A growing number of US investors are rotating away from high profile artificial intelligence giants and into infrastructure companies positioned to benefit from long term AI capital spending, as volatility hits major technology stocks.
After years of strong gains, shares of leading AI driven firms such as Alphabet and Amazon have come under pressure. Investors are increasingly questioning whether massive investments in advanced AI systems will generate returns sufficient to justify elevated valuations.
Instead of betting directly on consumer facing AI platforms, asset managers are targeting the companies supplying the physical backbone of the AI expansion. This includes semiconductor manufacturers, data centre developers, optical communications firms and utilities responsible for delivering the electricity required to power large scale computing clusters.
Market performance has reinforced this pivot. Infrastructure linked names including Caterpillar, Lumentum and Western Digital have posted double digit gains this year. contrast, the S&P 500 has delivered only marginal returns, while exchange traded funds tracking the largest AI hyperscalers have declined.
The shift has prompted a wave of new financial products focused specifically on AI infrastructure exposure.
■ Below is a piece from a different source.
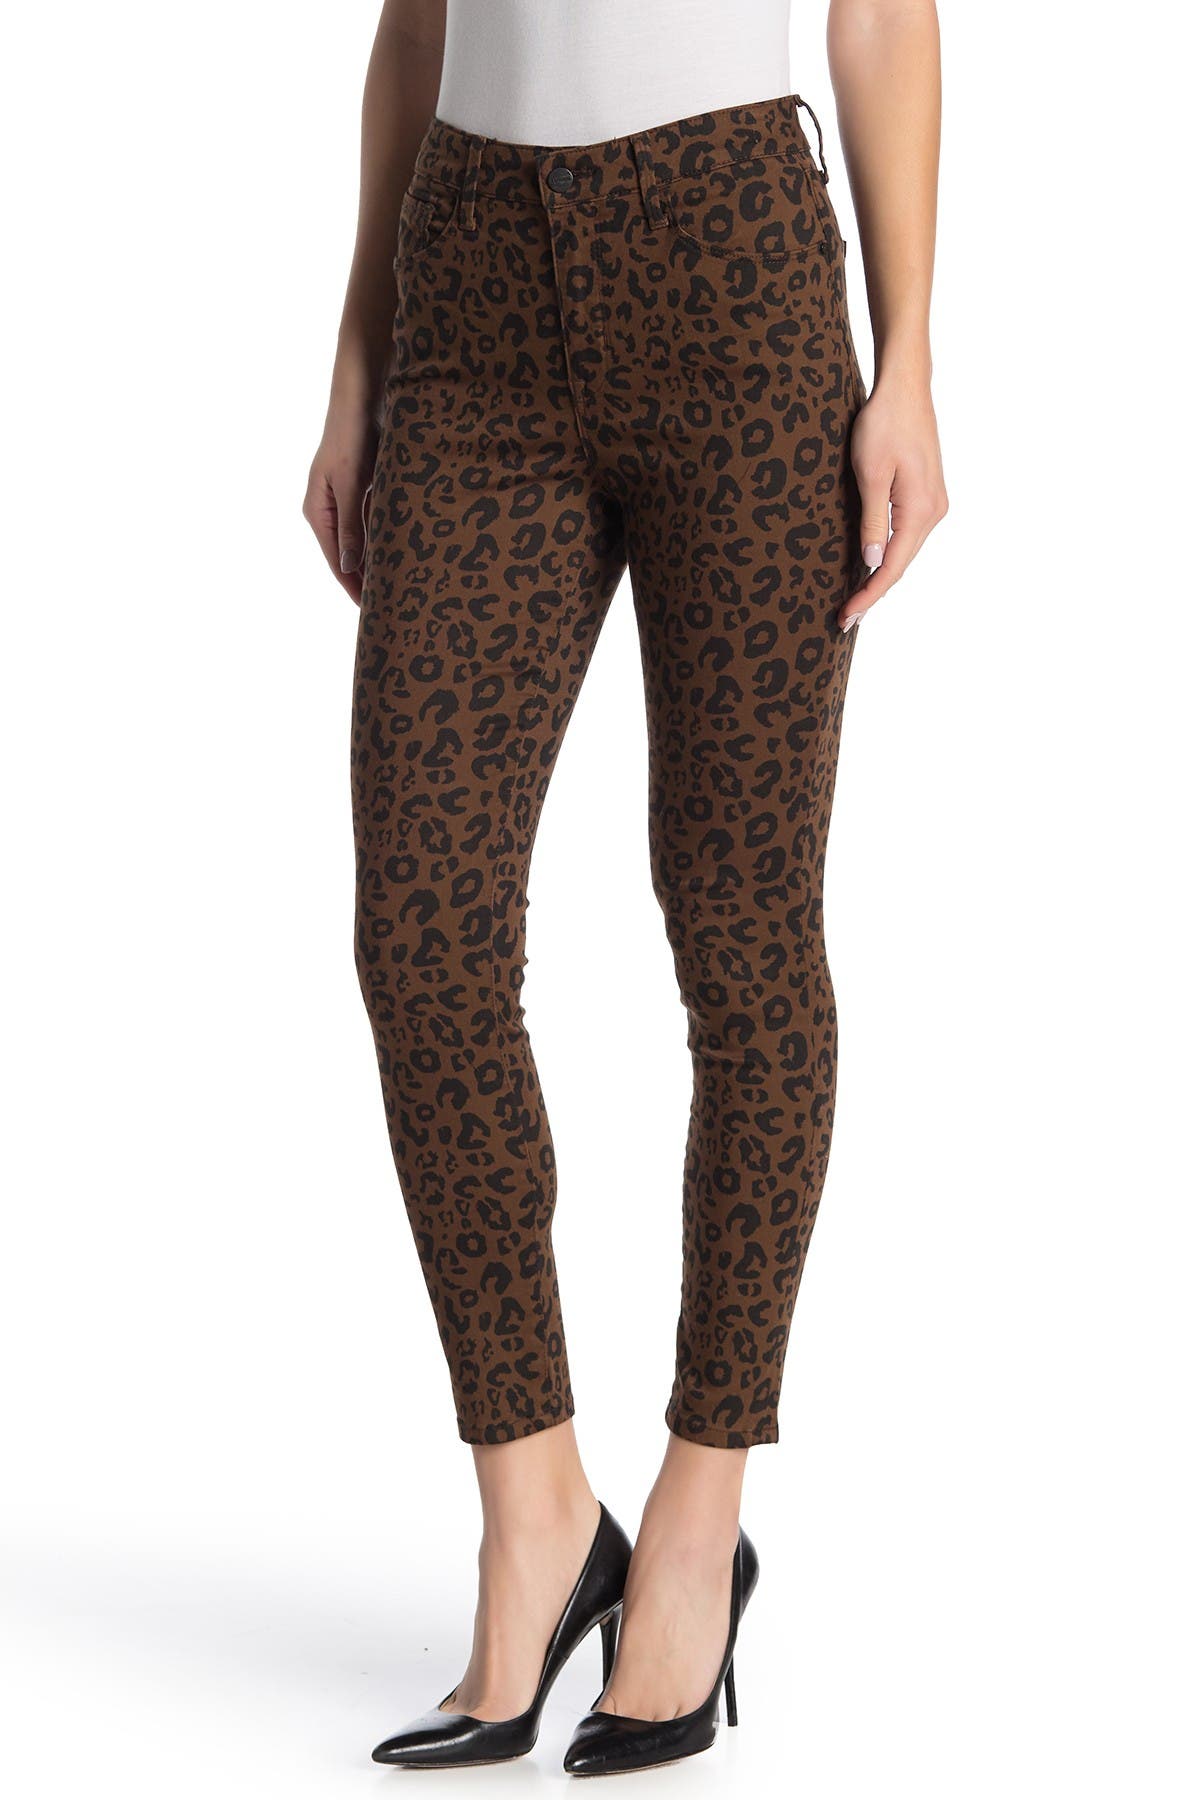 next leopard print jeans

Asset managers including BlackRock have adjusted portfolio weightings to increase allocations toward chipmakers and other enabling technologies. In several actively managed funds, infrastructure related holdings now account for a significant majority of total assets.
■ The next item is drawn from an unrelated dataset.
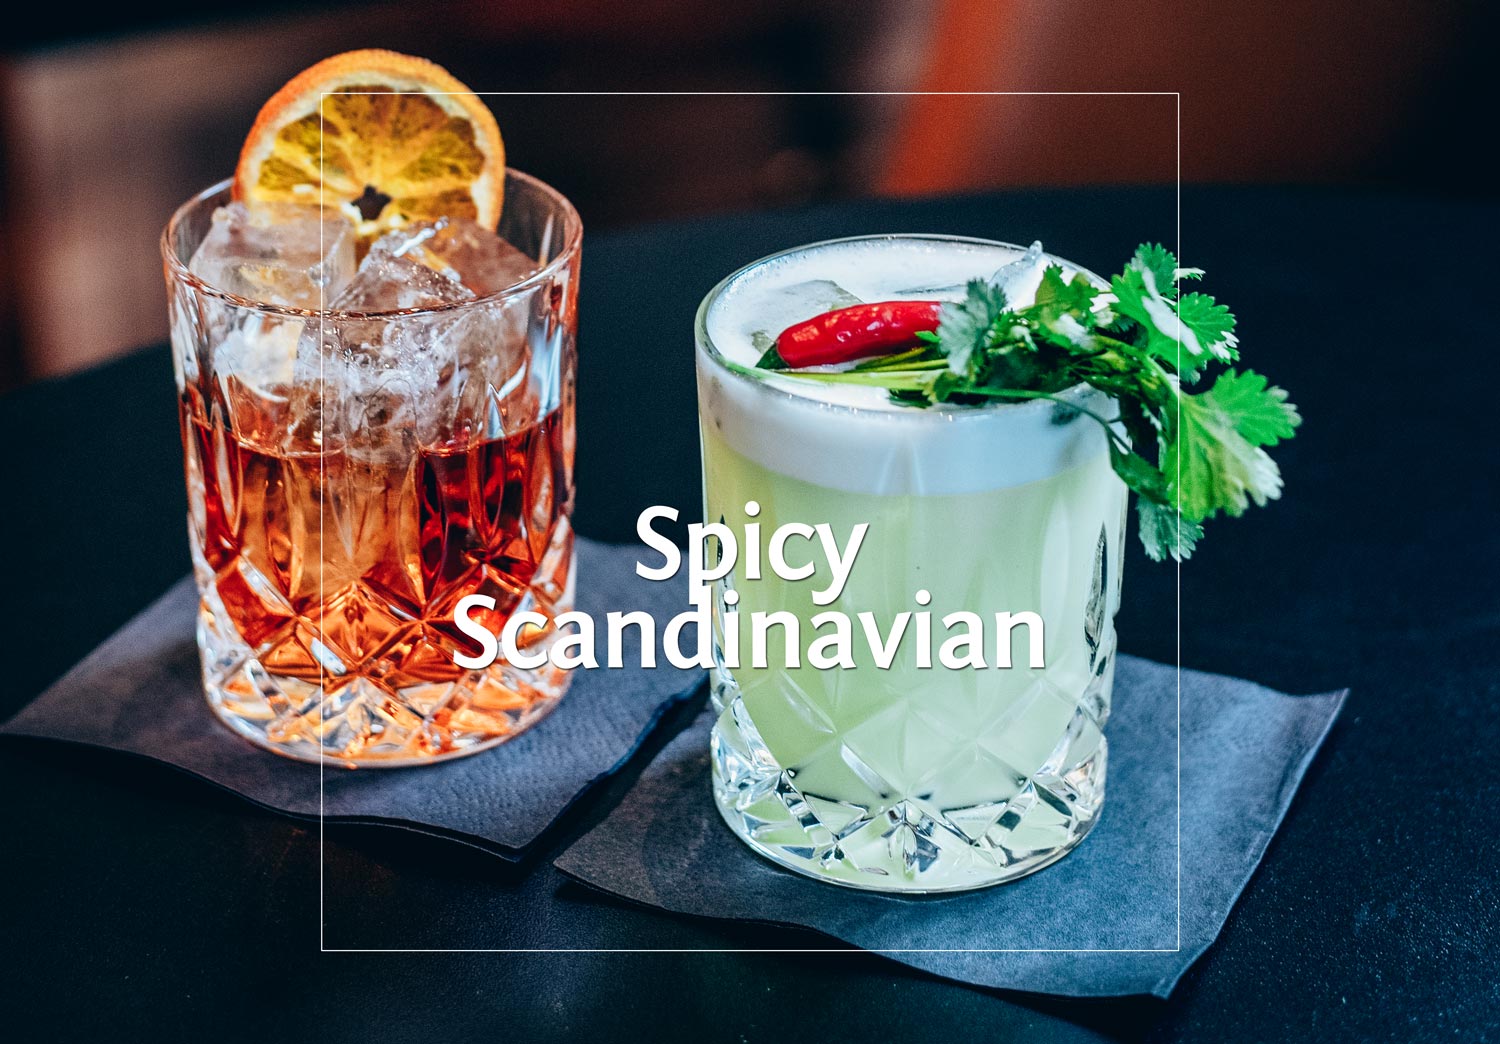 Spicy Scandinavian made of Aquavit

The logic behind the strategy is straightforward. As companies like Meta and Amazon commit billions of dollars to new data centre builds, that capital flows through supply chains spanning memory chips, networking equipment, cooling systems and energy providers. Investors seeking more predictable revenue streams are aiming to capture returns from these underlying investments rather than from consumer AI applications, which face greater competitive and regulatory uncertainty.
Semiconductor producers remain central to the thesis. Firms such as SK Hynix, Micron and Intel are viewed as critical beneficiaries of sustained demand for high performance memory and processing capacity required to train and operate advanced AI models. While Nvidia remains influential within the ecosystem, some infrastructure focused funds have diversified exposure to reduce concentration risk.
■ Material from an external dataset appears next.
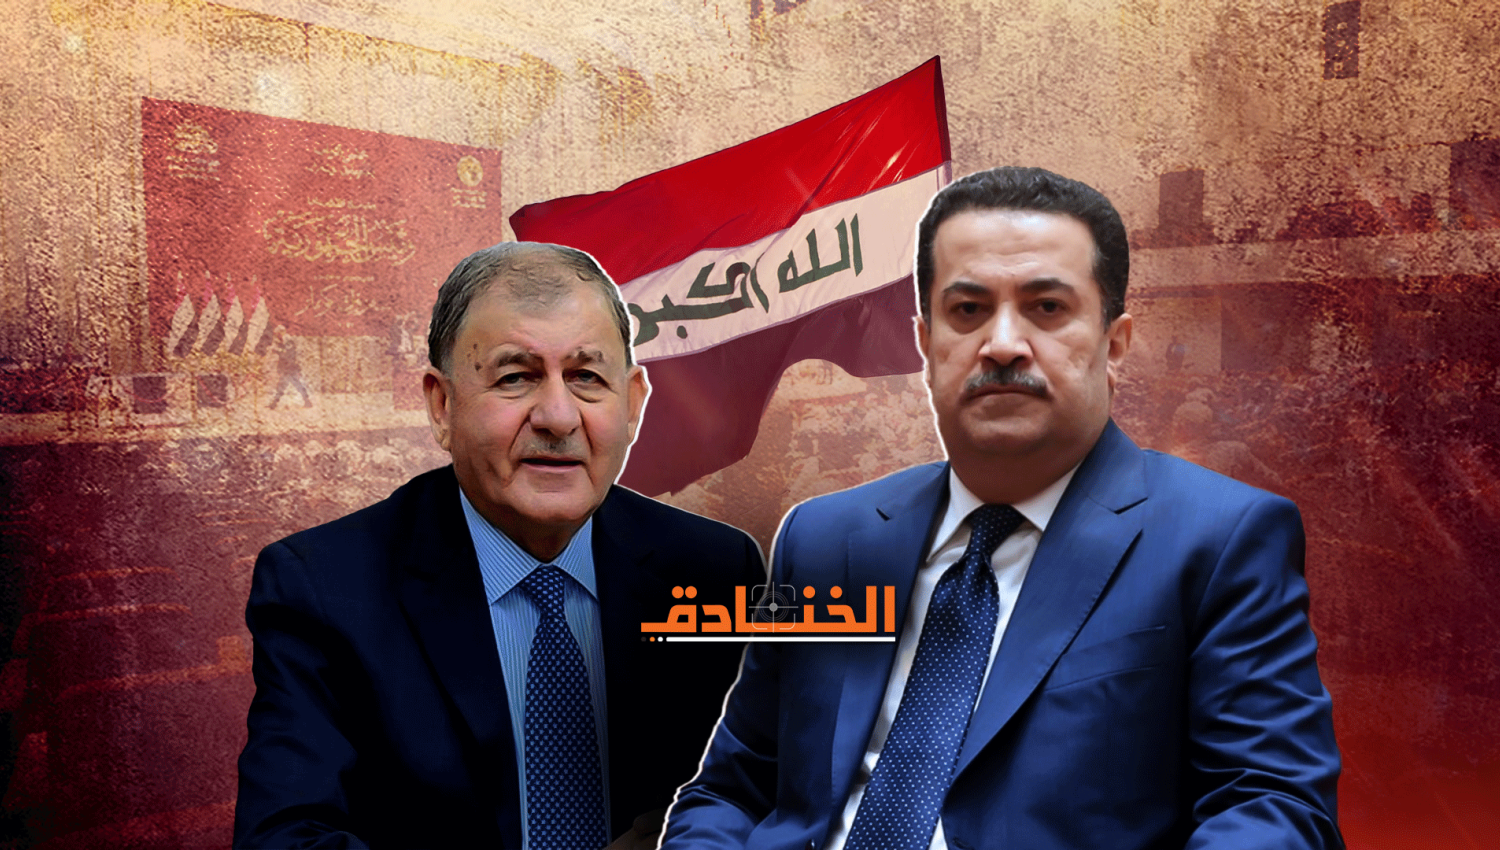 الخنادق - العراق بعد الرئاسة بانتظار "حكومة إنجاز"

Beyond chips, attention is also turning to utilities and grid operators as AI driven data centres increase electricity consumption. Reliable power supply and transmission capacity are emerging as key constraints on expansion, creating potential opportunities in energy infrastructure.
The reallocation reflects broader market dynamics. With headline AI stocks facing scrutiny over earnings visibility, investors appear to be seeking steadier cash flow profiles tied to tangible assets. Rather than abandoning the AI theme, many are repositioning within it, emphasising the industrial and infrastructural foundations supporting the sector’s growth.